Don't trust a judgment list


In search, judgment lists fall apart. It’s frankly, humbling and humiliating :)

The work isn’t whatever tech returns search results. The work is the measurement - the evaluation. Everything else becomes incidental in search.

Better evals has been my humbling lesson about from industry. Humbling because its not exciting or sexy, but because its hard. And its the work nobody wants to do. Everyone wants to do .

For this reason, almost everyone overreads the value of some naive judgment list method. Almost nobody wants to understand limitations. The casual judgment list our team put together by hand, the crowdsourced one from experts, the clickstream based. None of which I’d trust beyond well-scoped problems. It’s easy to cherry pick when one approach worked, but ignore when it failed.

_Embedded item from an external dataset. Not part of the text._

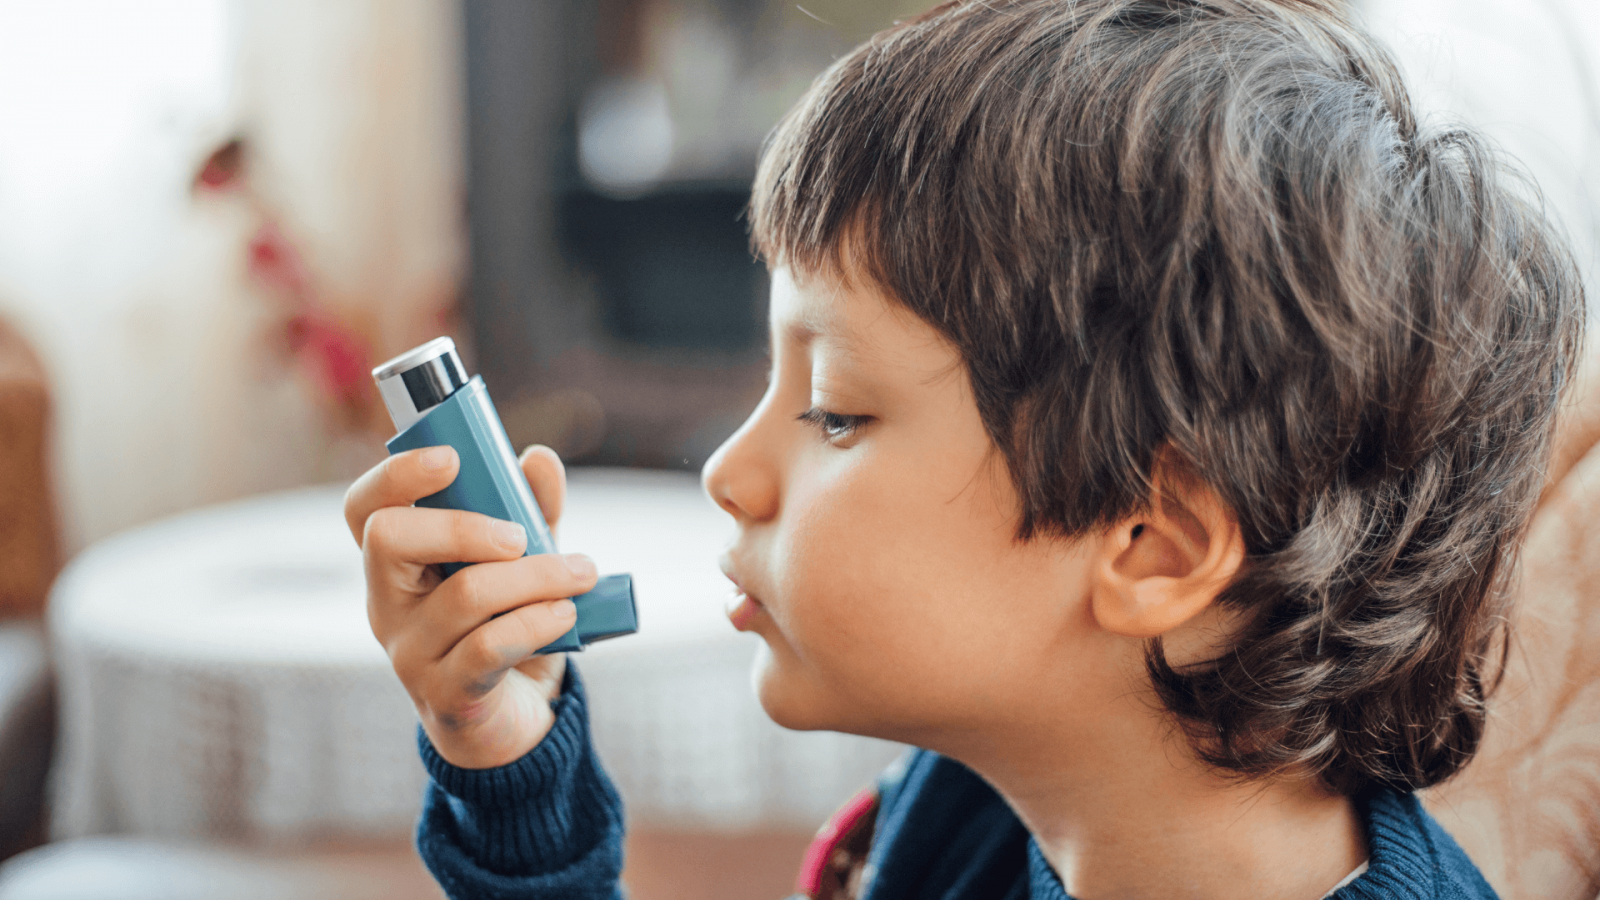 Childhood flu may protect against asthma

It’s harder to admit our systems of evaluation have deep, fundamental flaws no miracle fix can cure.

That all has to change if you train a model on user behaviors. Then this becomes the REAL work of search. It’s not whether you choose LambdaMART or a cross encoder or a bi encoder or 512 trained hamsters. The real modeling work is “does this floating point accurately describe whether a real user thinks this result is relevant or not”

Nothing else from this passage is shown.